* _YOUR INSTRUCTIONS_:
Start at the line that contains "KOBI HALPERIN Saige" in the listing below and extract every line through the last, exactly; leave pictures out.

┌─ DATASET EXTRACT

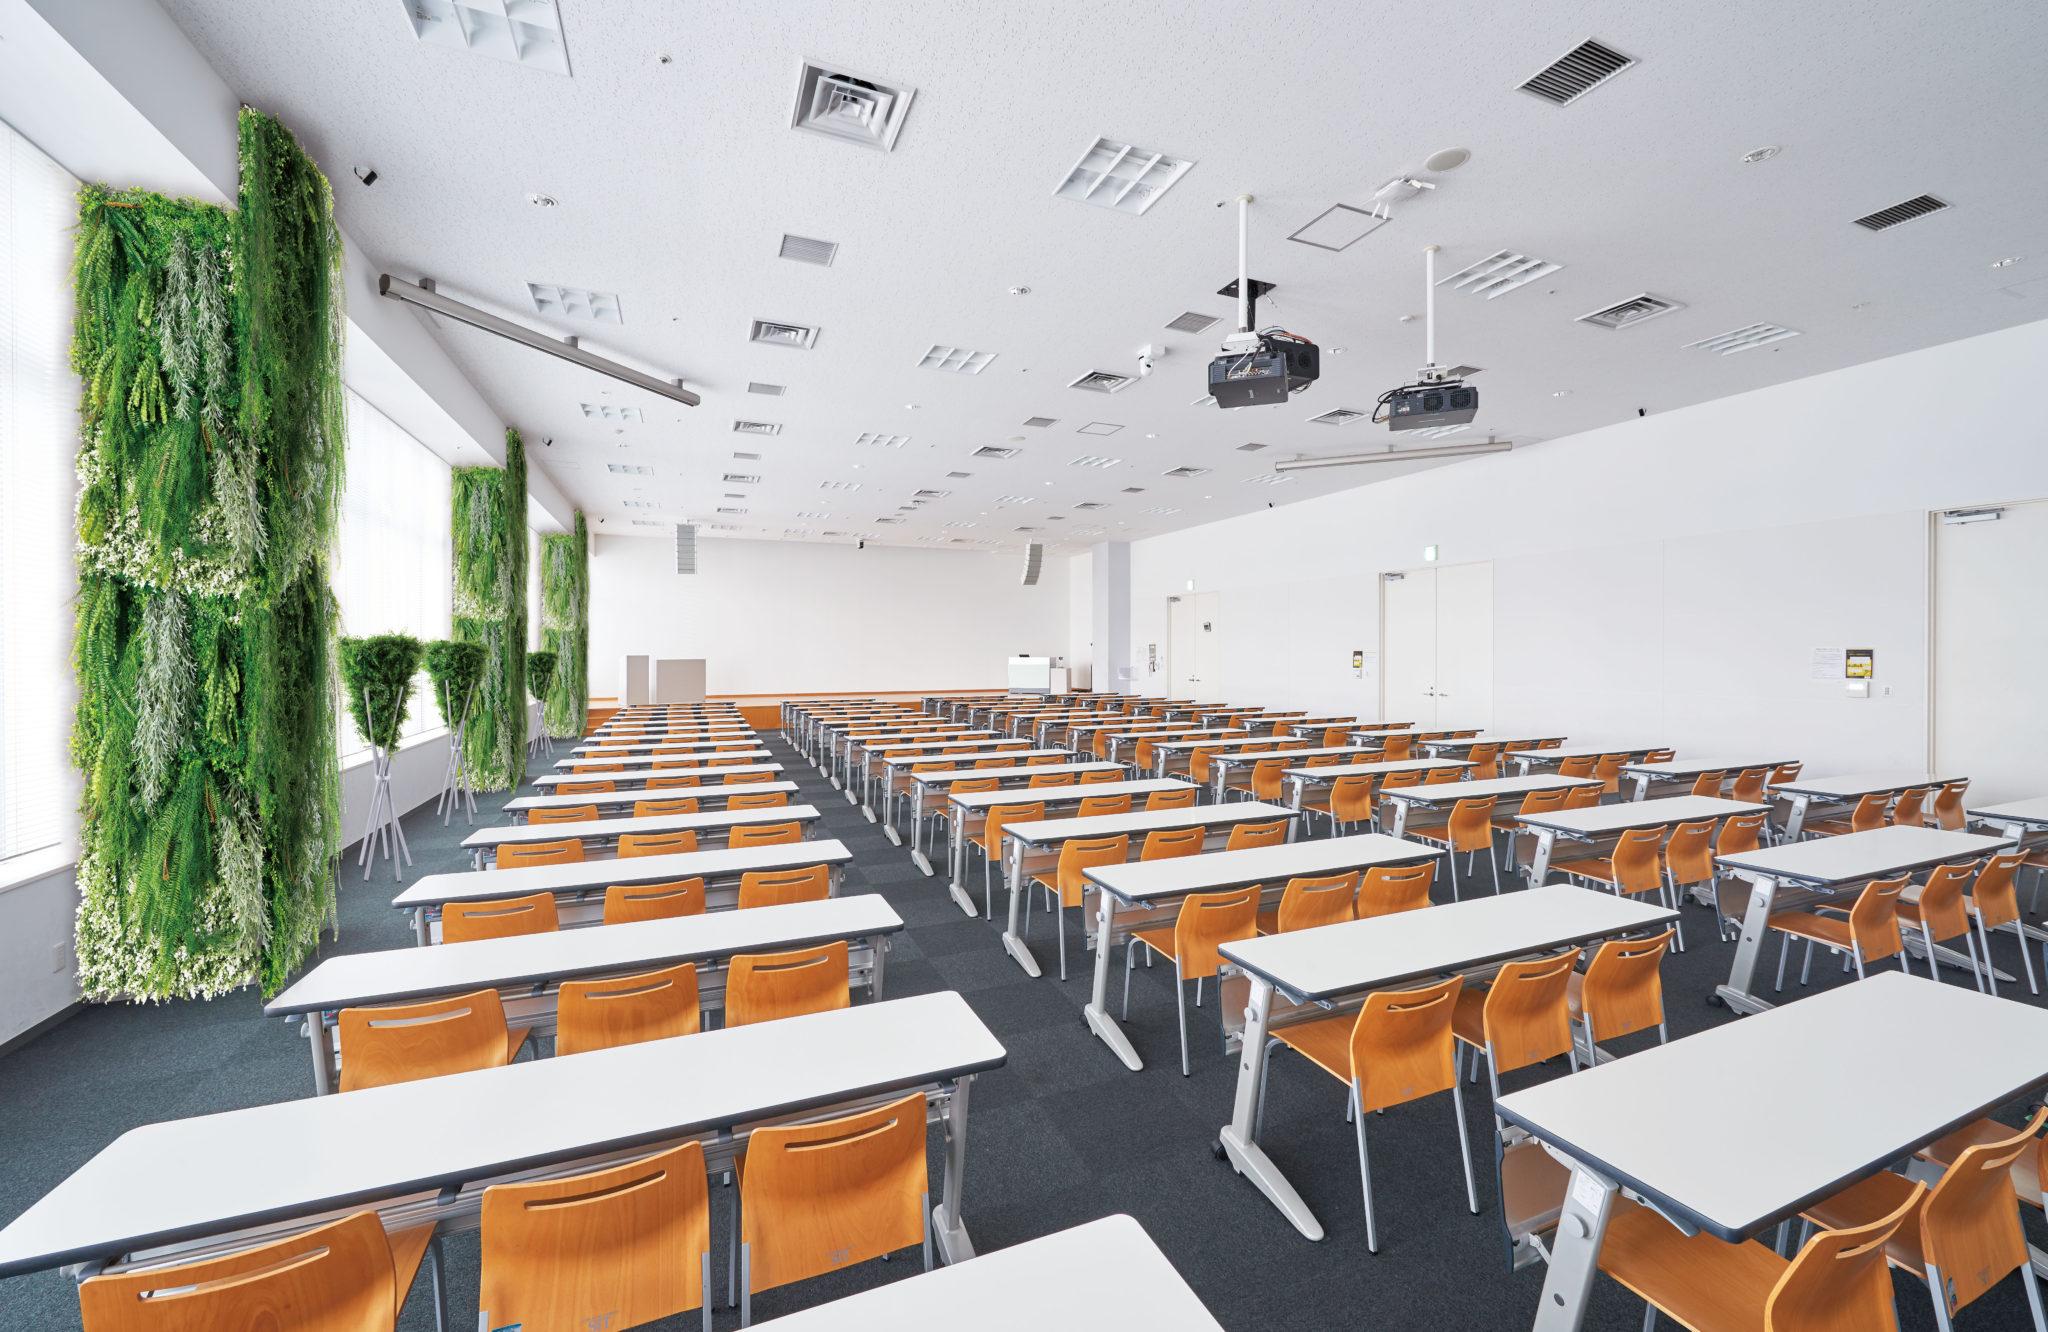 学校 - 講義室_after
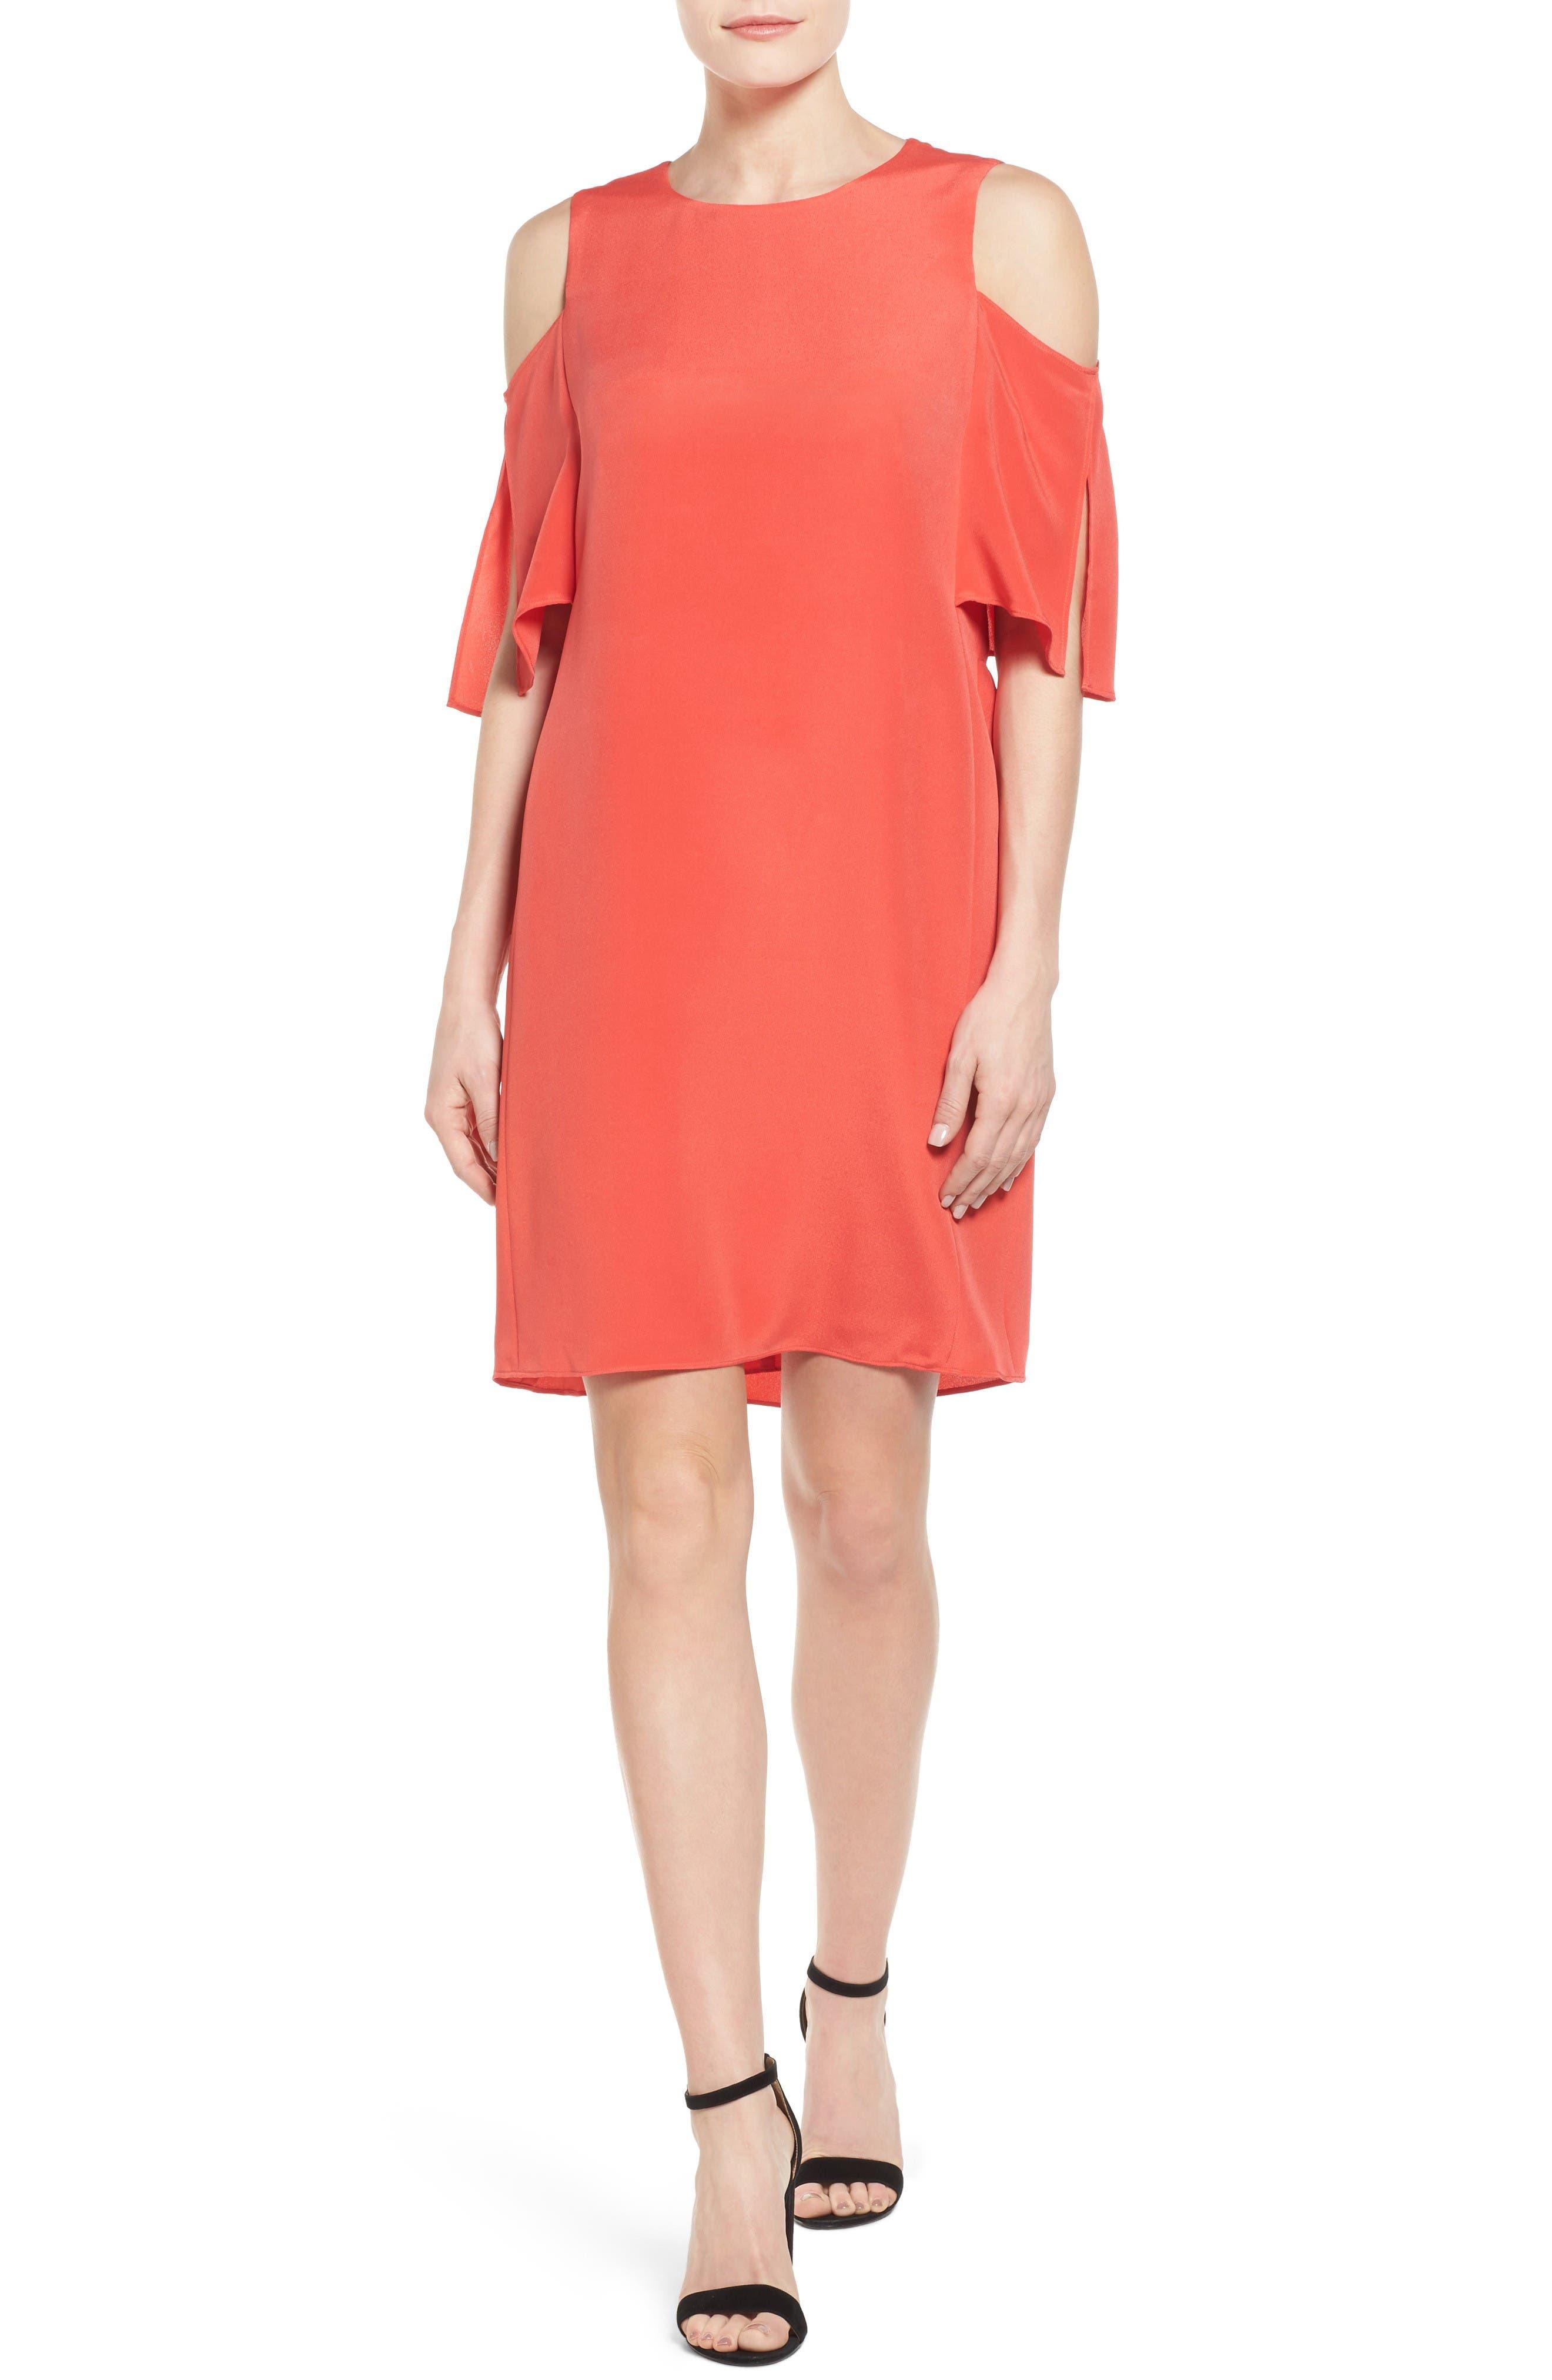 KOBI HALPERIN Saige Cold Shoulder Shift Dress
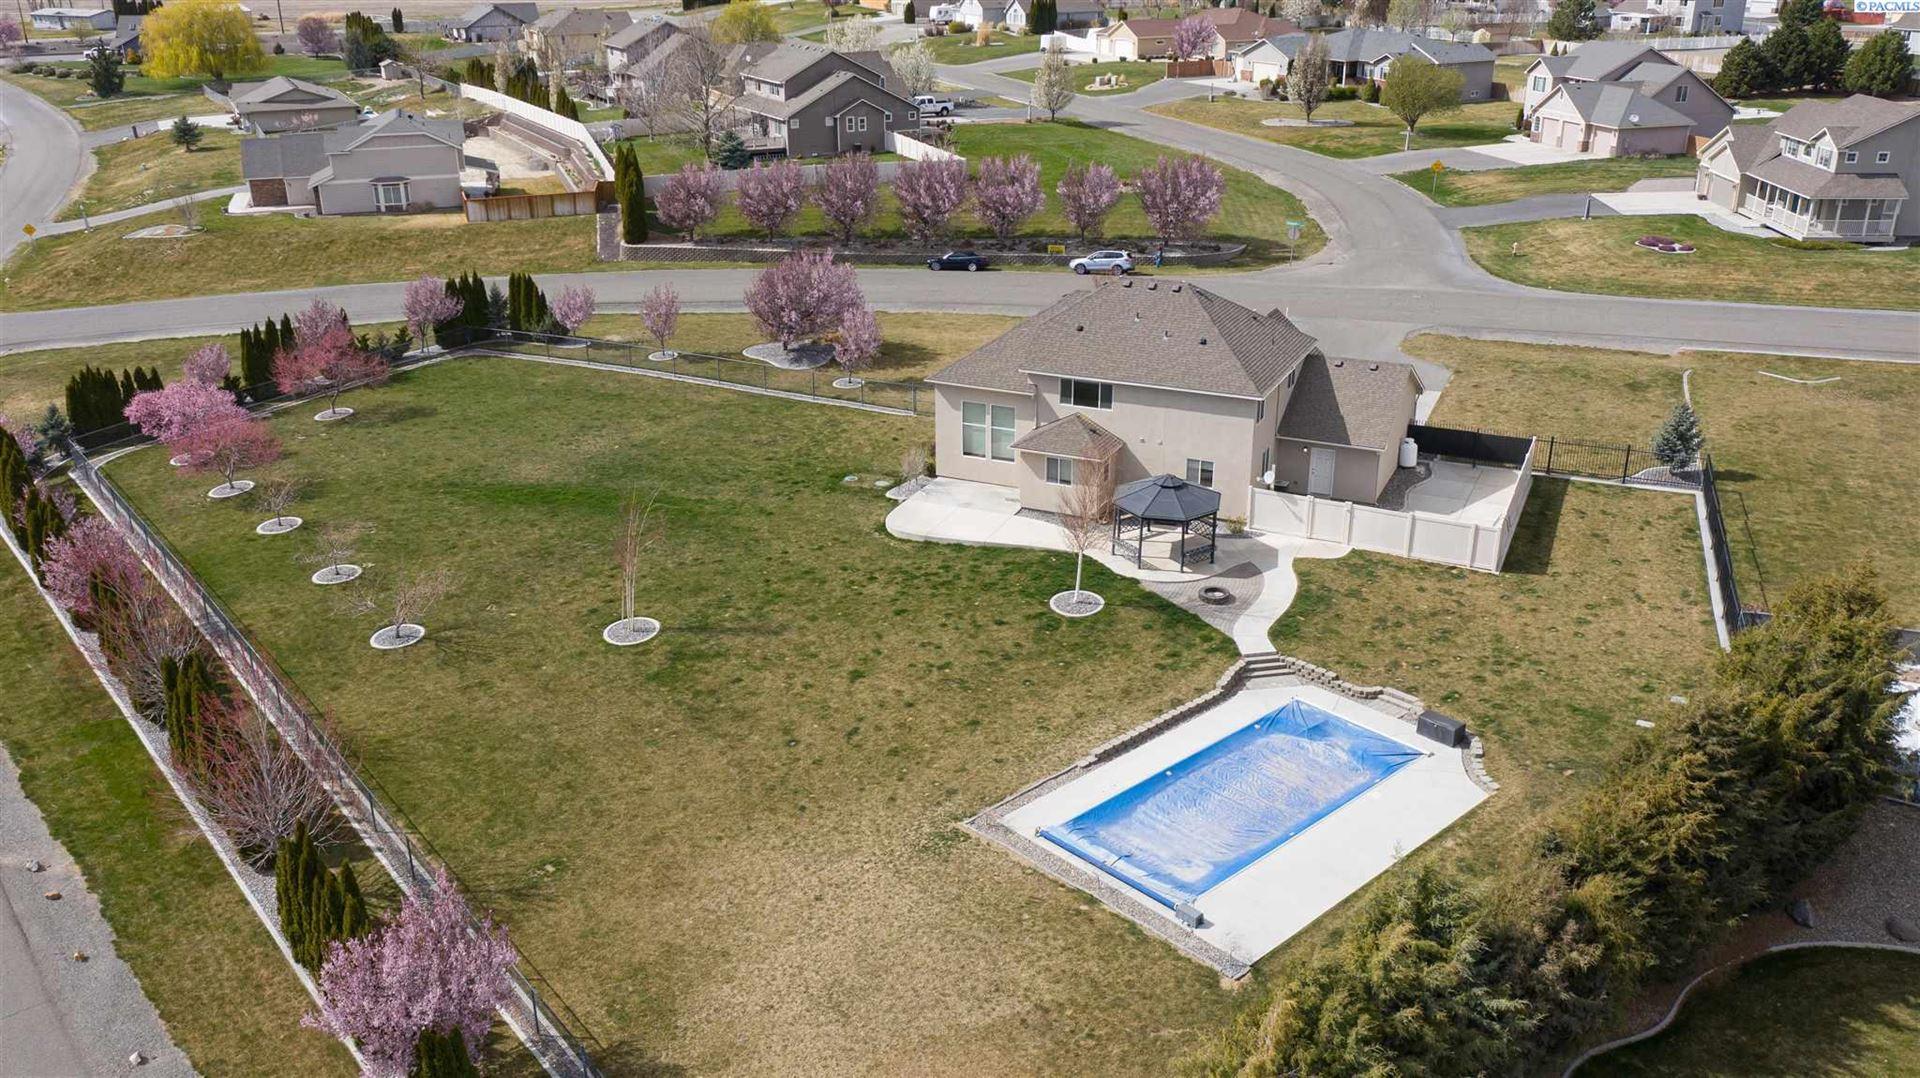 Photo of 22803 Cottonwood Springs Blvd., Kennewick, WA 99338 (MLS # 252752)

└─

* _SOLUTION TO THIS EXERCISE_:
 KOBI HALPERIN Saige Cold Shoulder Shift Dress
 Photo of 22803 Cottonwood Springs Blvd., Kennewick, WA 99338 (MLS # 252752)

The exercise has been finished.